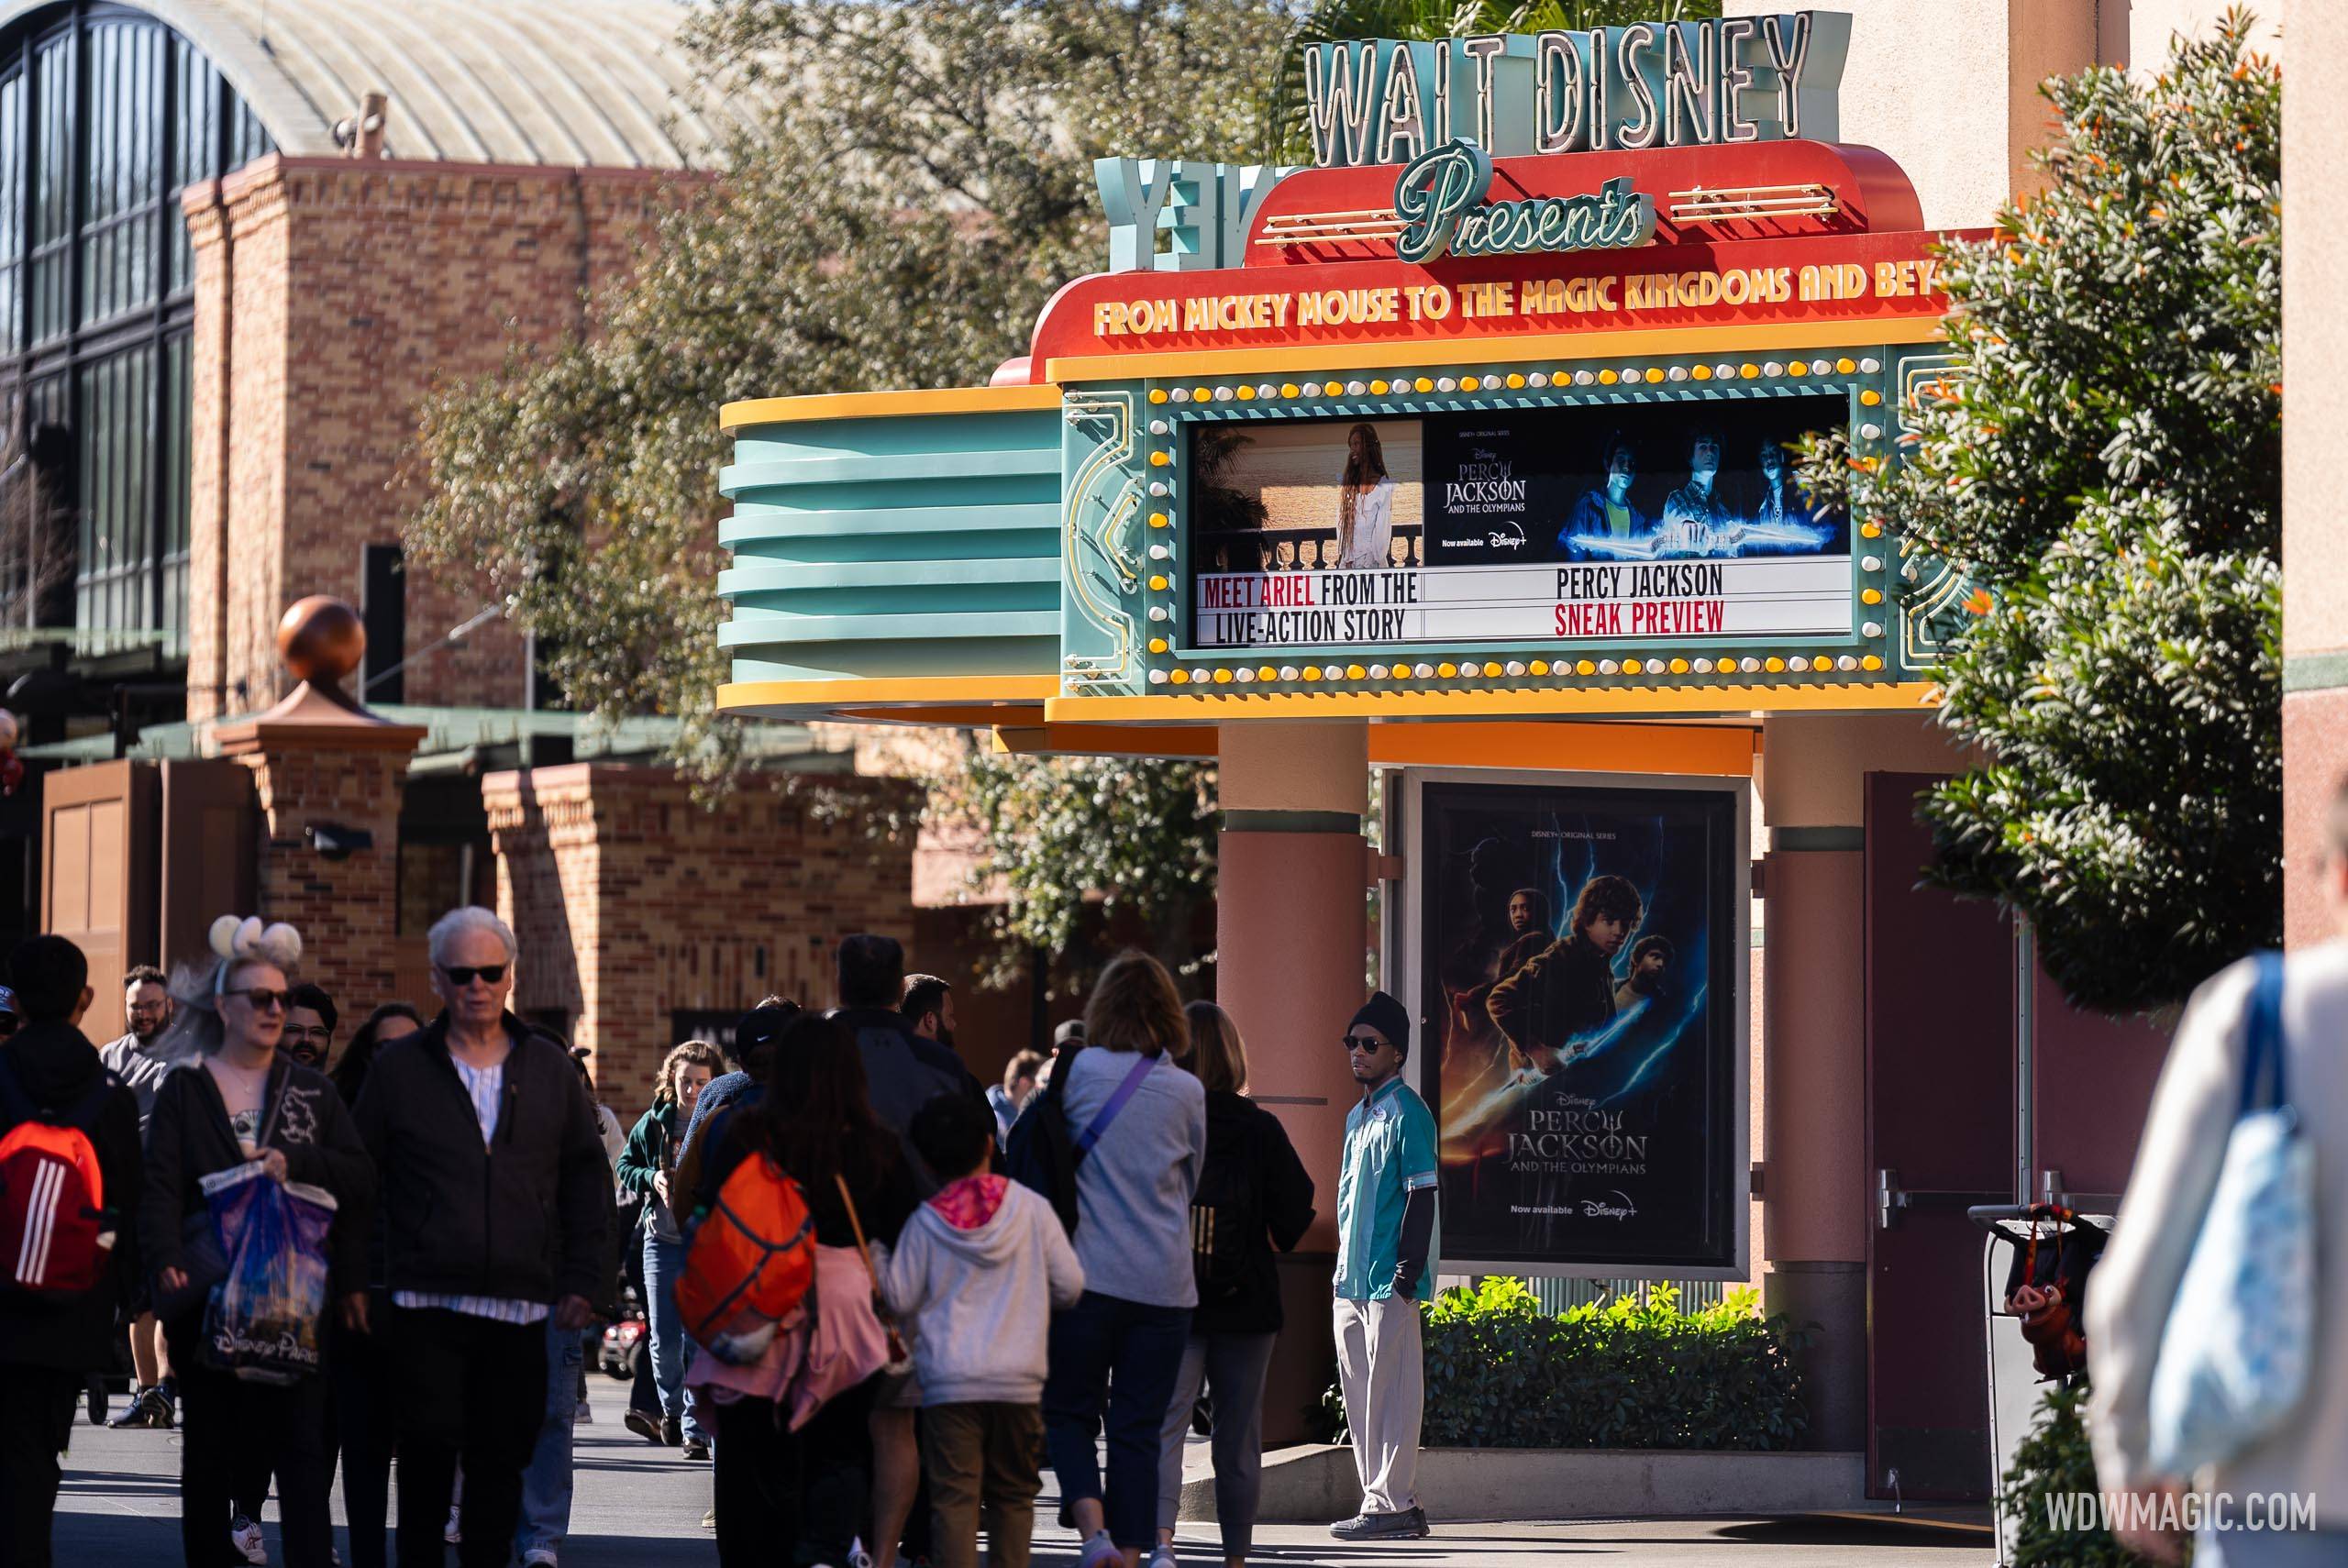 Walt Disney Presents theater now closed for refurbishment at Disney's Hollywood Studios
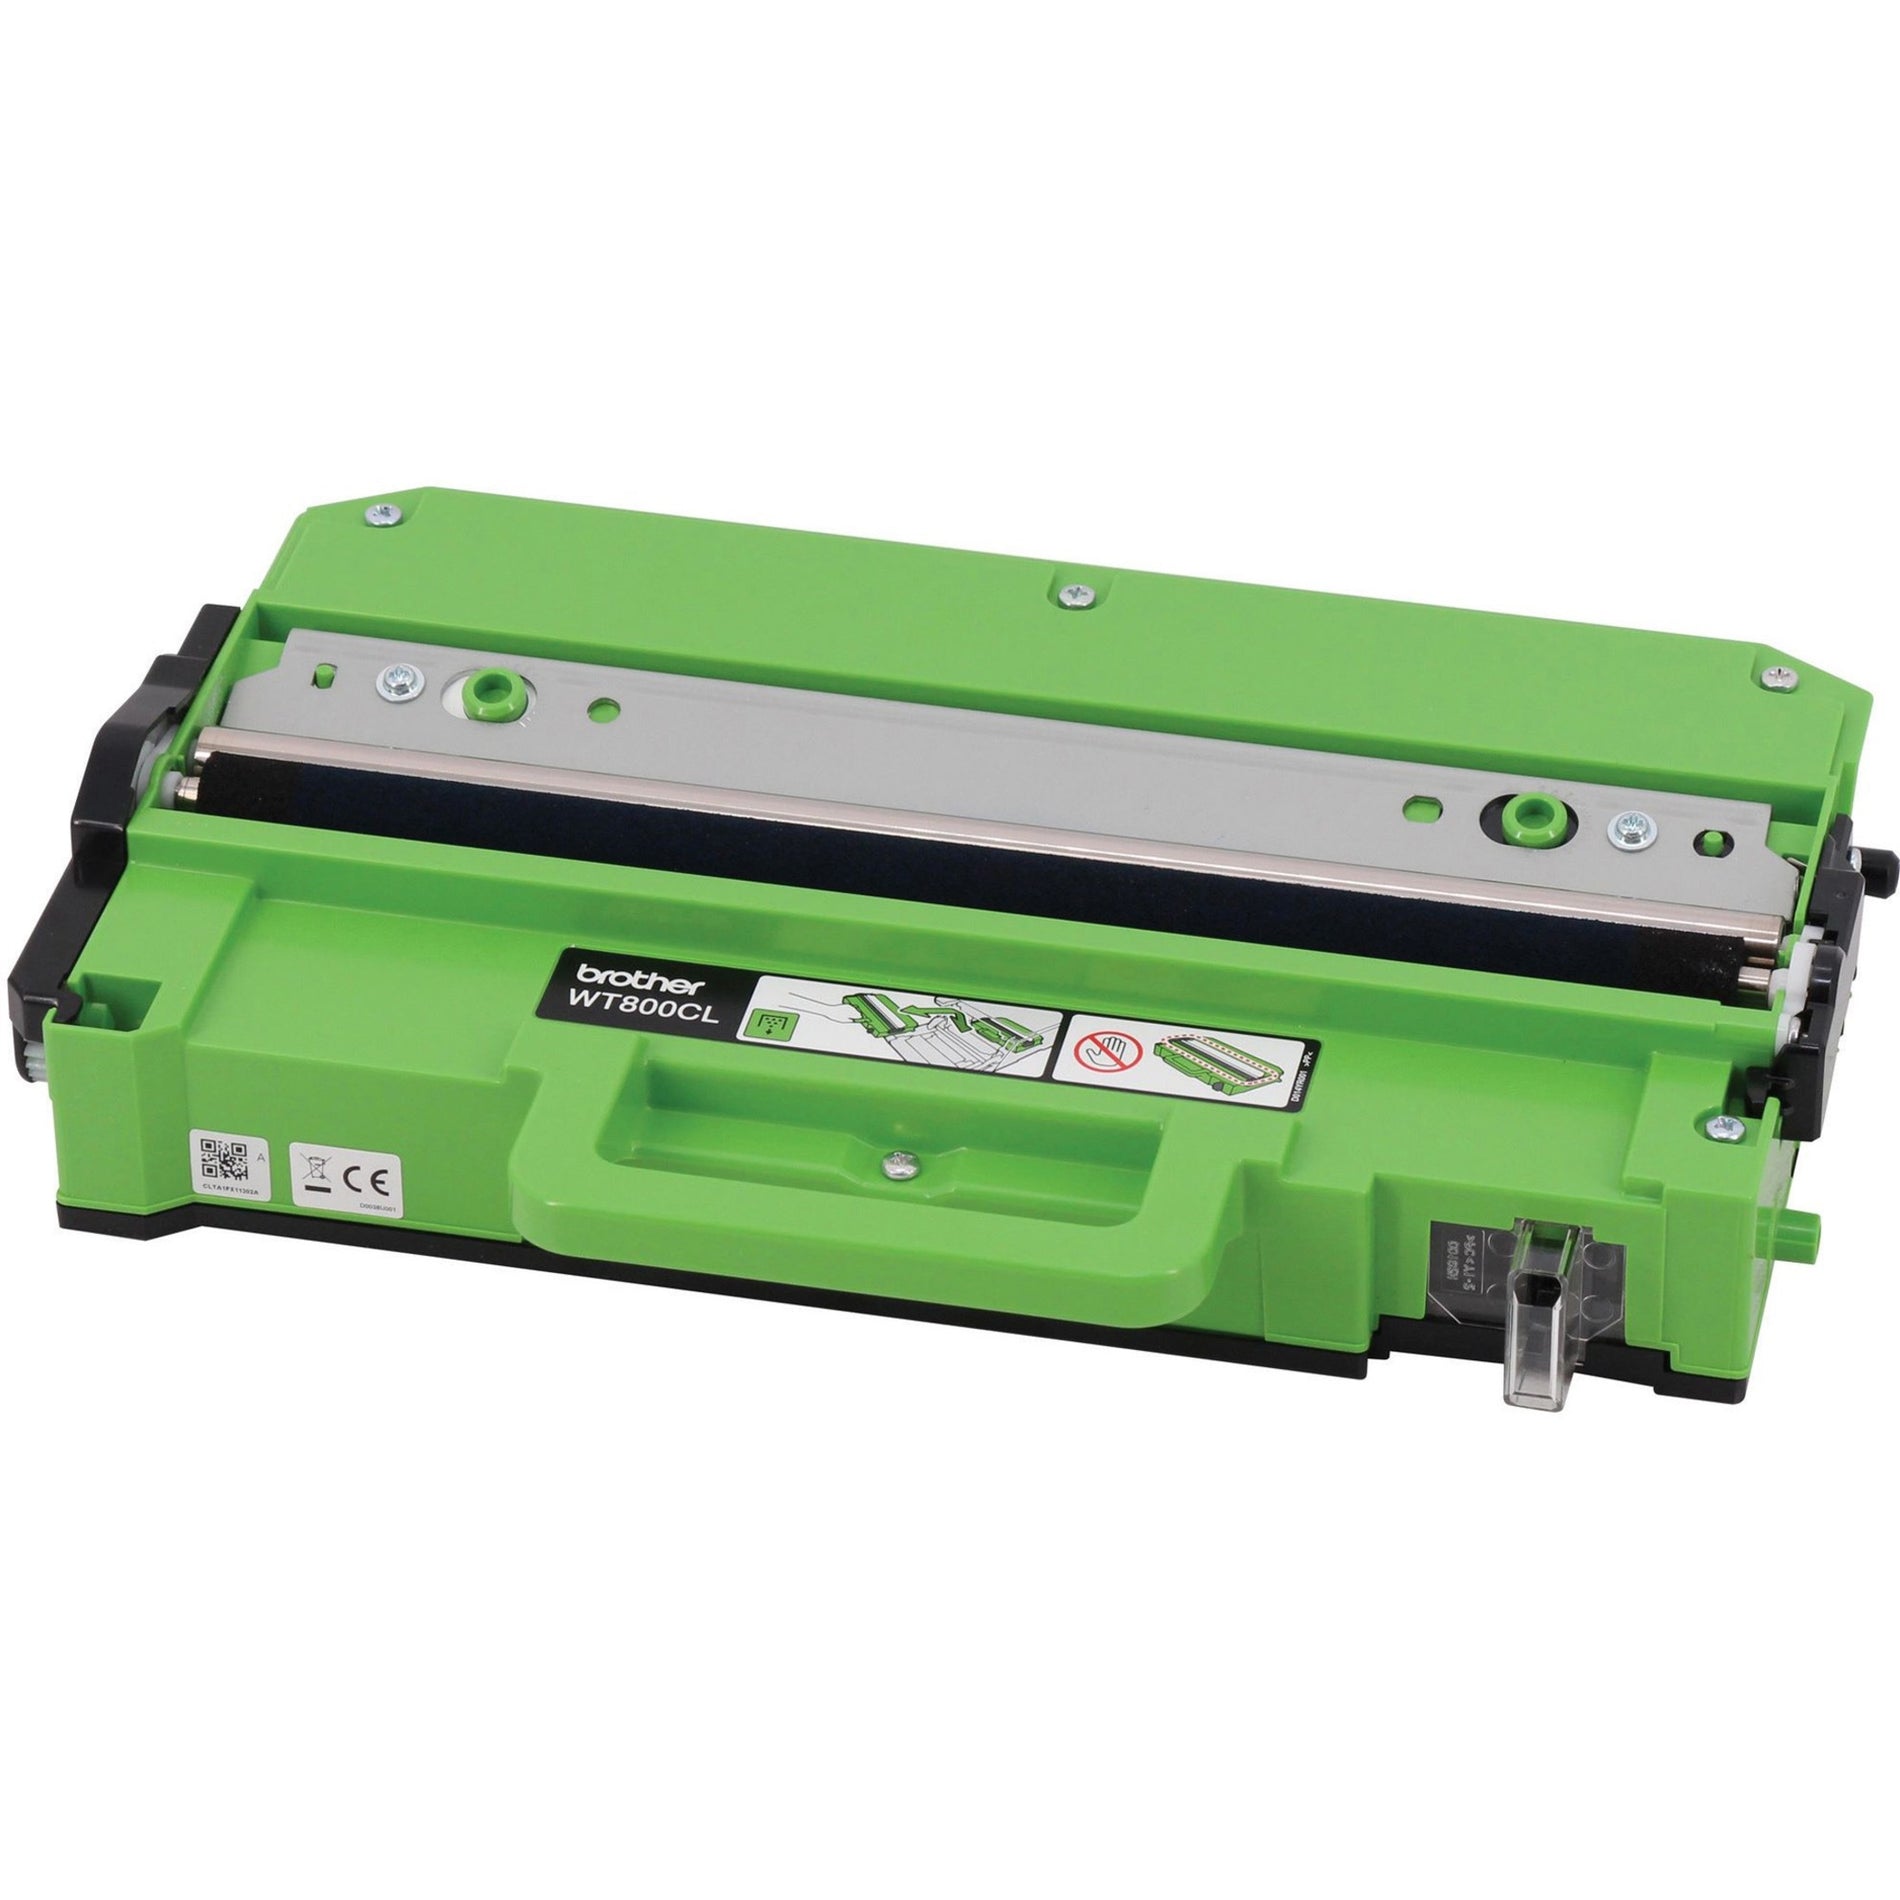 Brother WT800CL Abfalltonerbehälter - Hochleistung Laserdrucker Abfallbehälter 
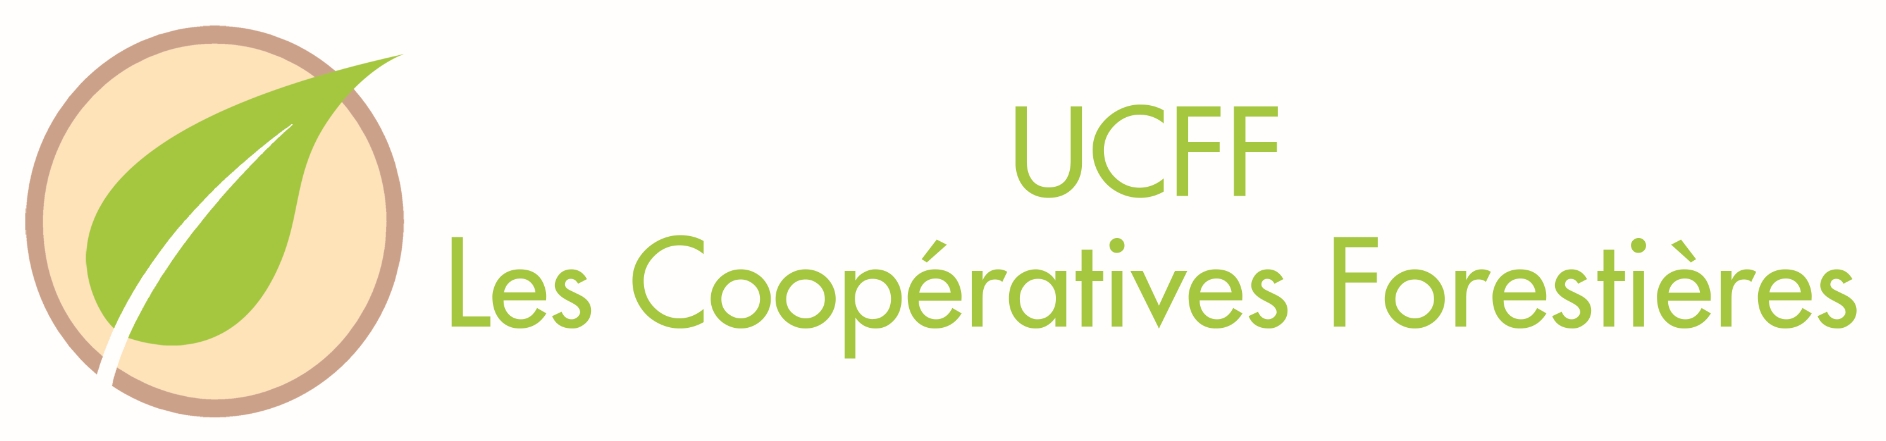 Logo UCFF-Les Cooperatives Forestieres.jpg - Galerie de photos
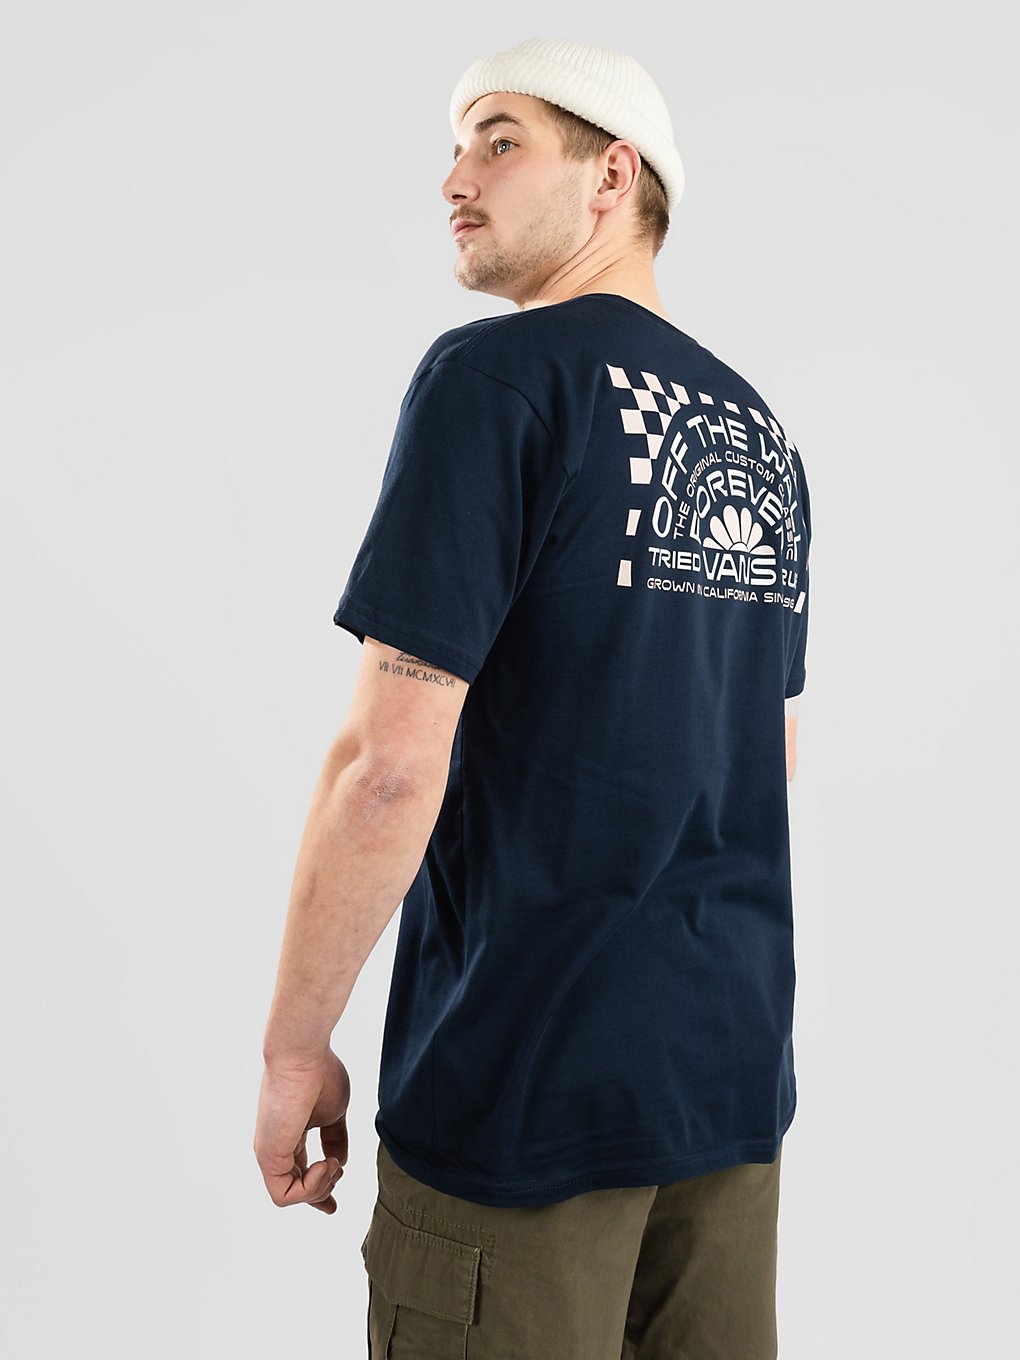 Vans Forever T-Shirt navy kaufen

Your task
The output is to be the material in full and unaltered, with pictures omitted.

Reply
 Walt Disney Presents theater now closed for refurbishment at Disney's Hollywood Studios
 Brother WT800CL Abfalltonerbehälter - Hochleistung Laserdrucker Abfallbehälter 
 Logo UCFF-Les Cooperatives Forestieres.jpg - Galerie de photos
 Vans Forever T-Shirt navy kaufen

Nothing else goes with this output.